TASK DIRECTIONS =
When you reproduce the data, keep every word exactly as it stands and leave the pictures out.

RECORDED INFORMATION =
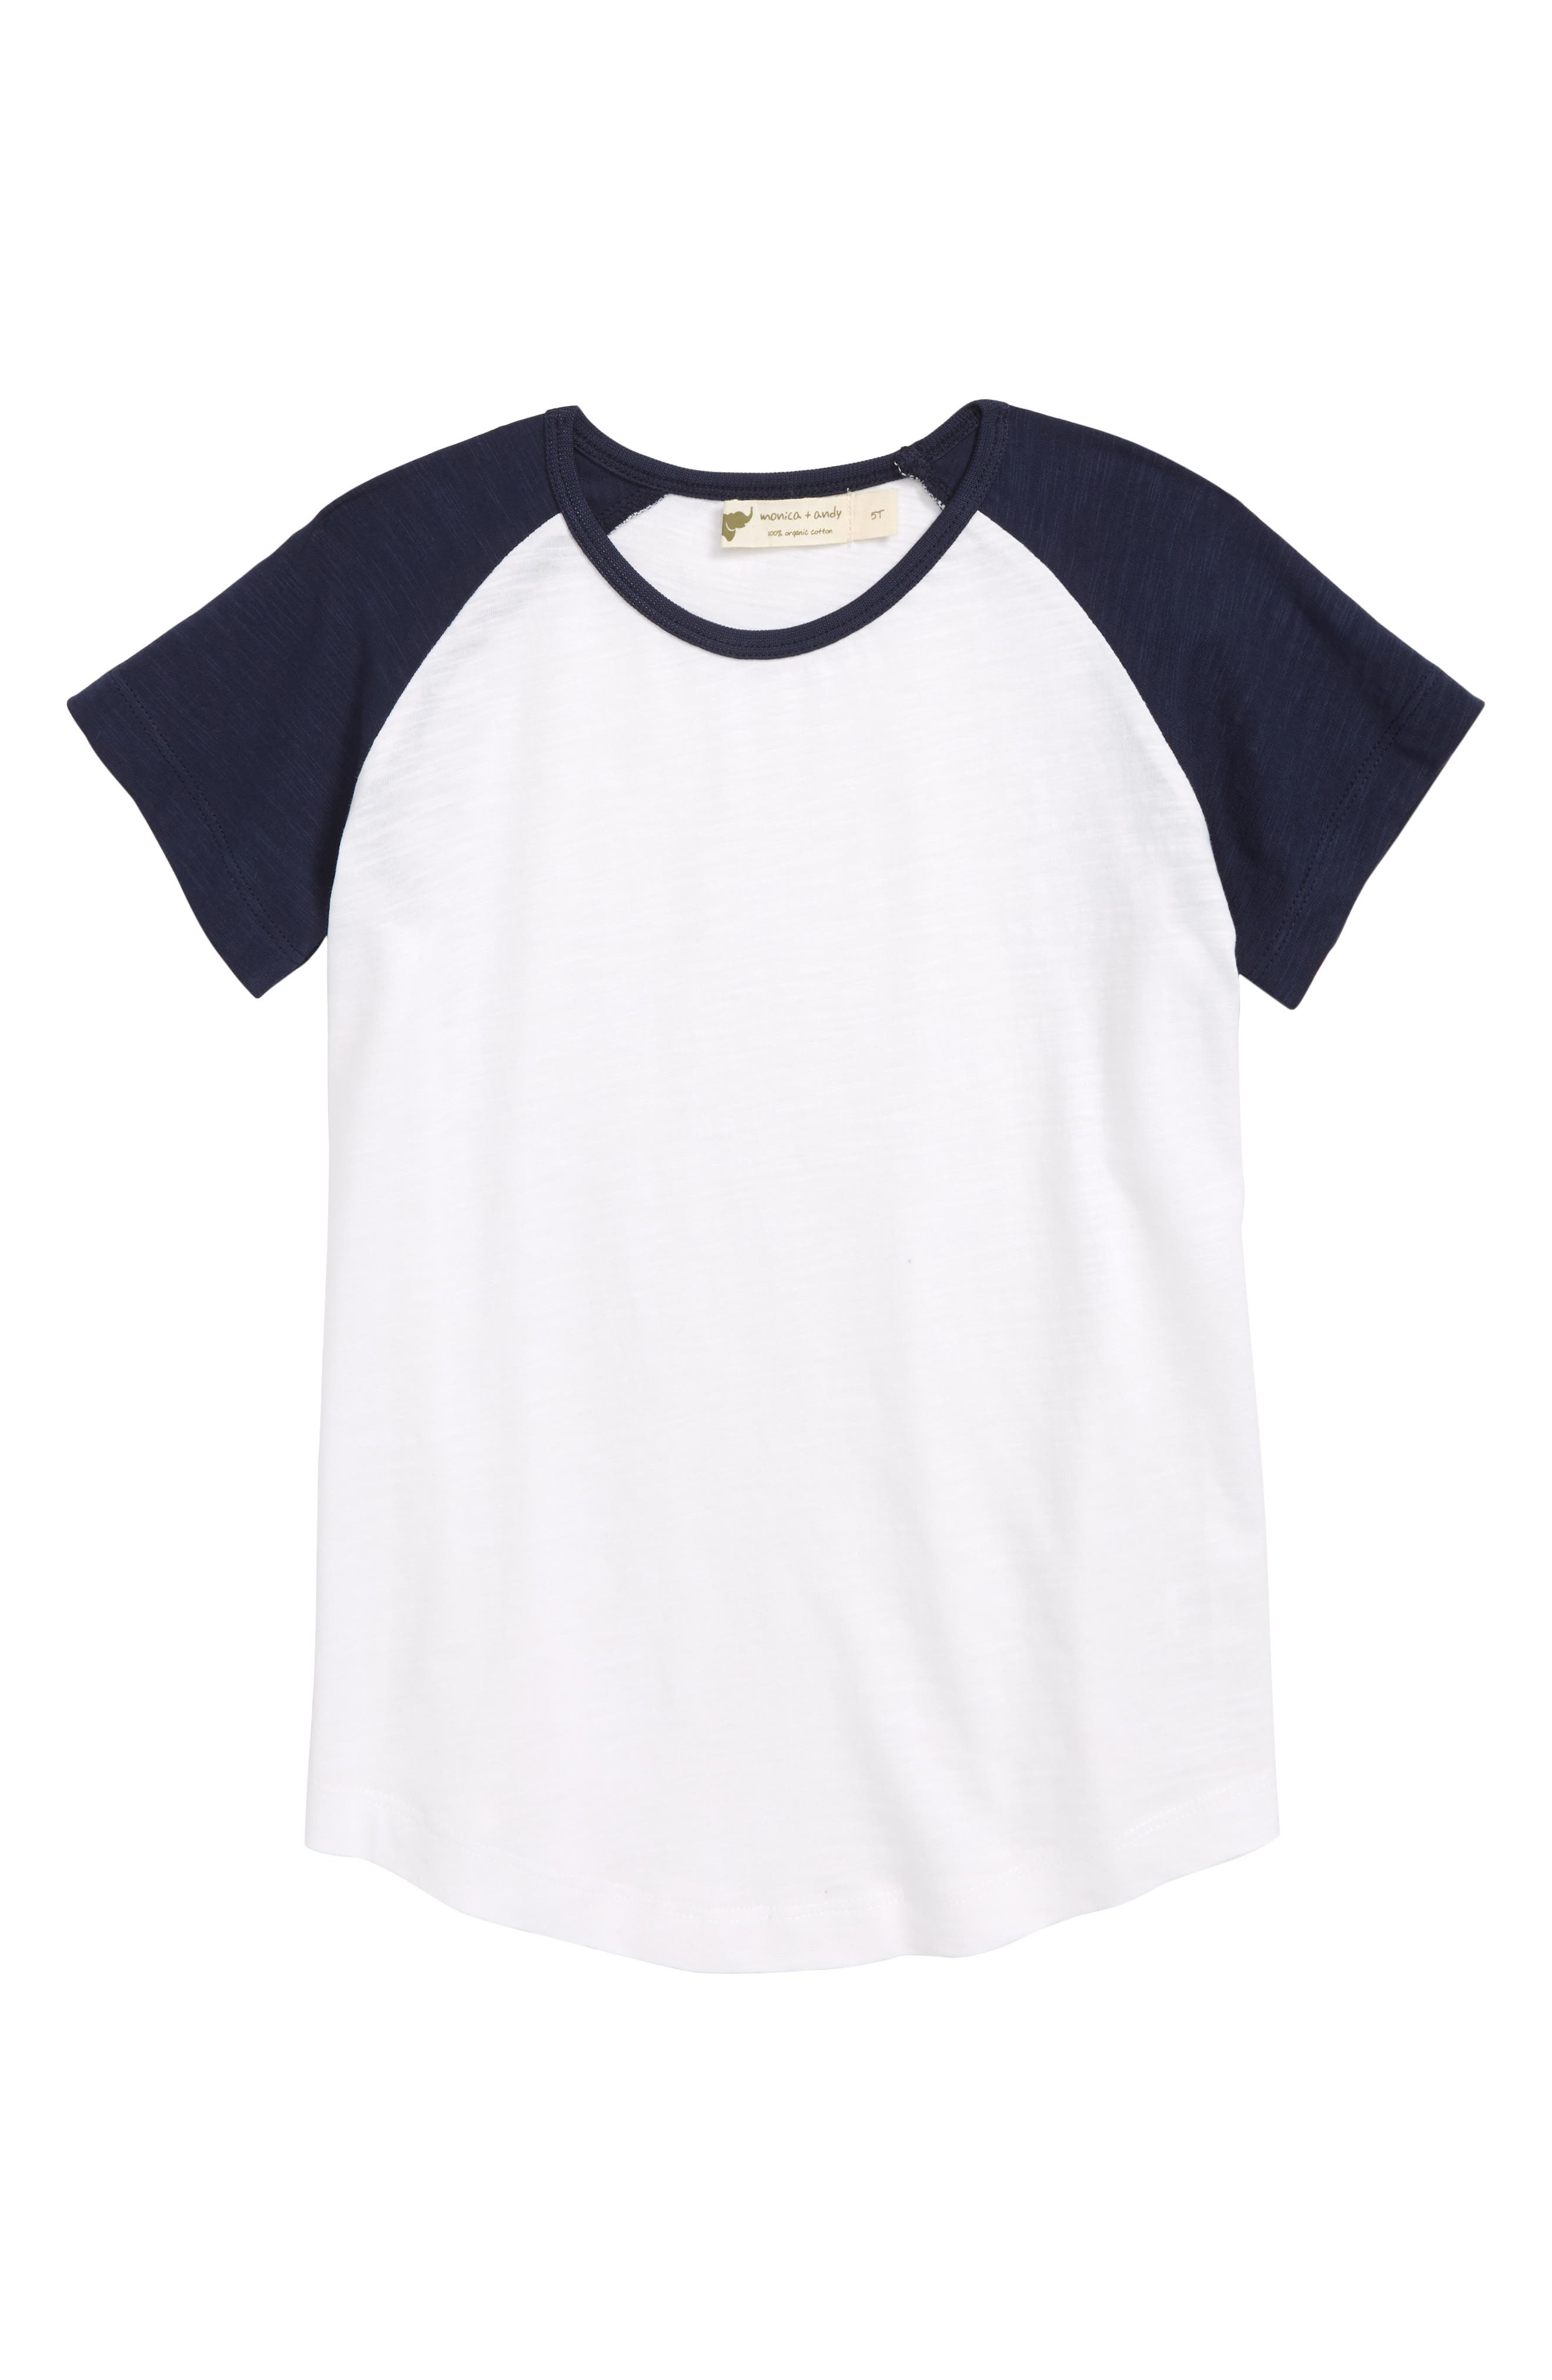 Little Slugger Organic Cotton T-Shirt,                             Main thumbnail 1, color,                             Navy/ White
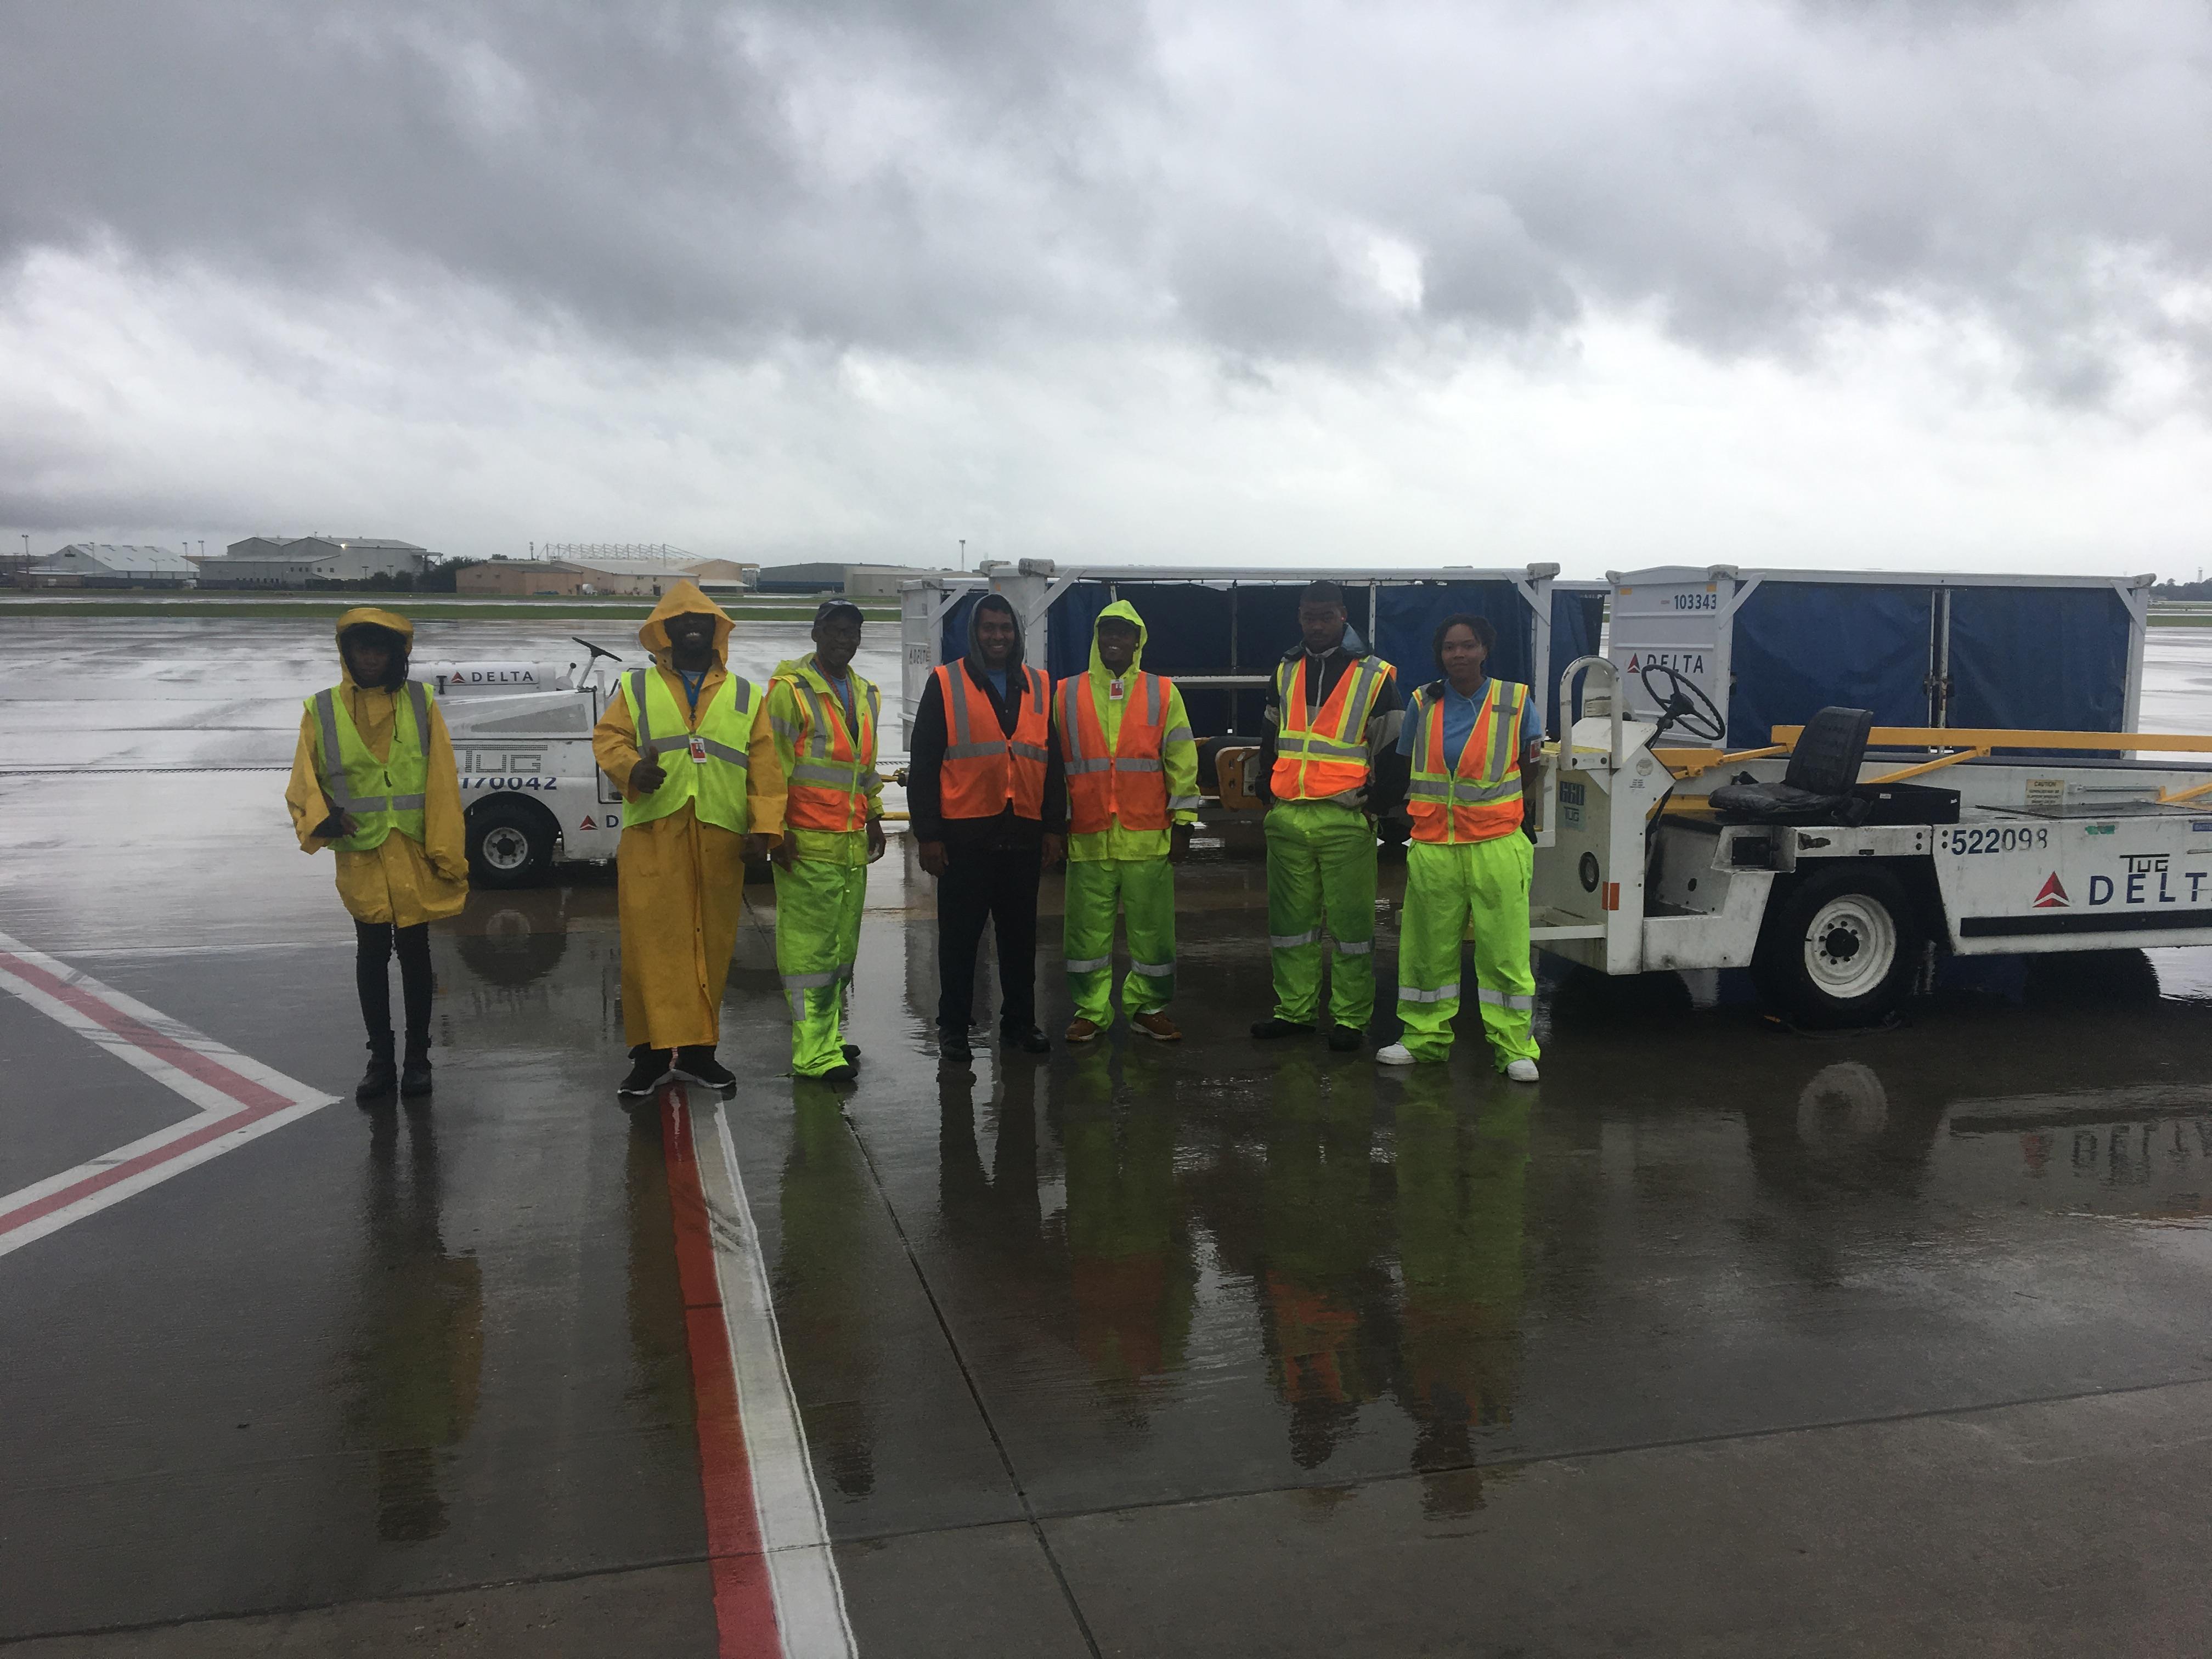 Employees on ramp donning rain gear
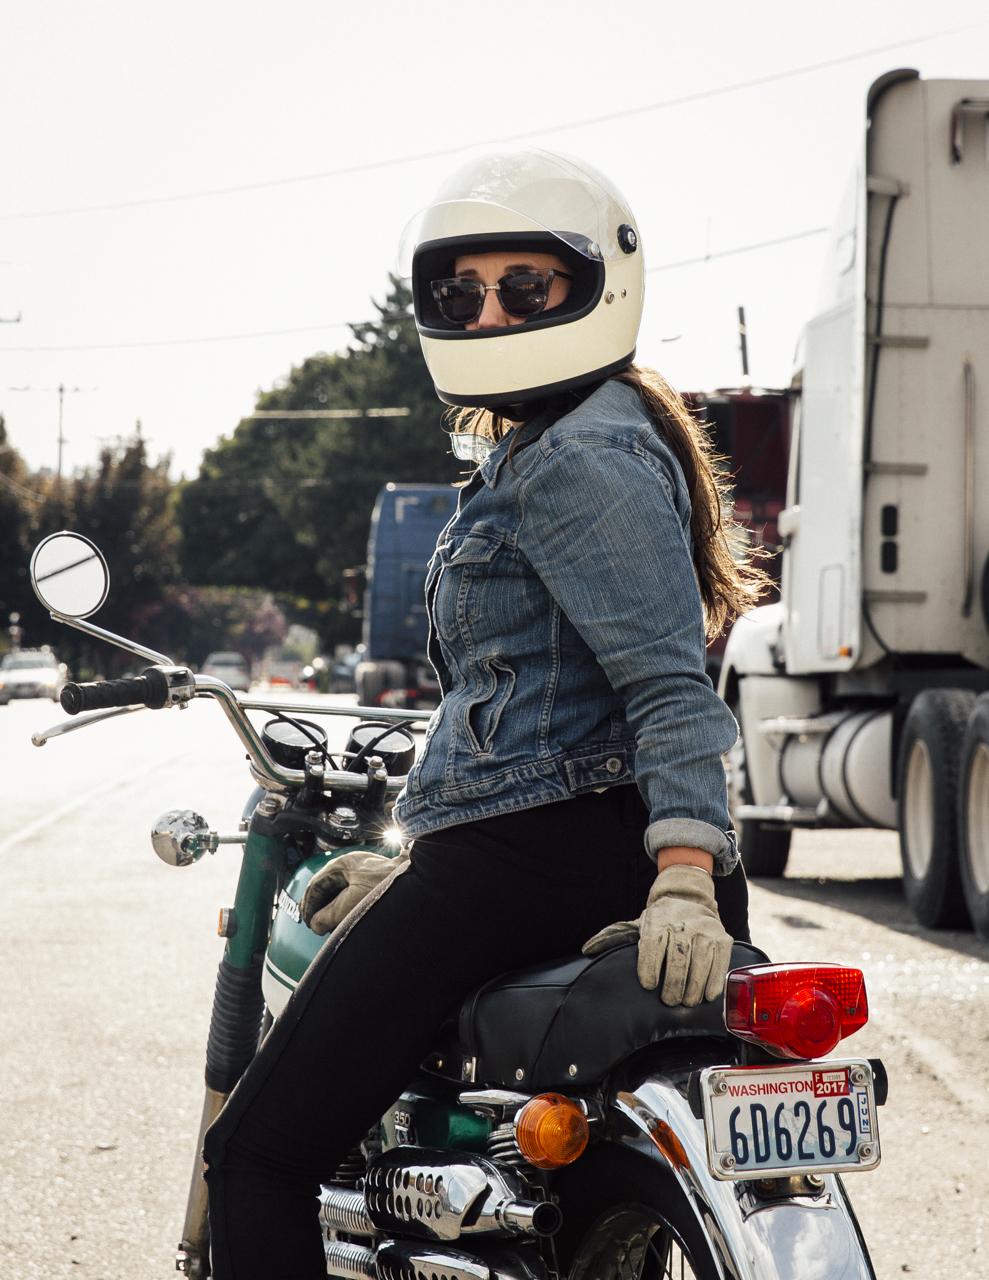 motogirls_19.jpg

OUTPUT FOR THIS EXERCISE =
 Little Slugger Organic Cotton T-Shirt,                             Main thumbnail 1, color,                             Navy/ White
 Employees on ramp donning rain gear
 motogirls_19.jpg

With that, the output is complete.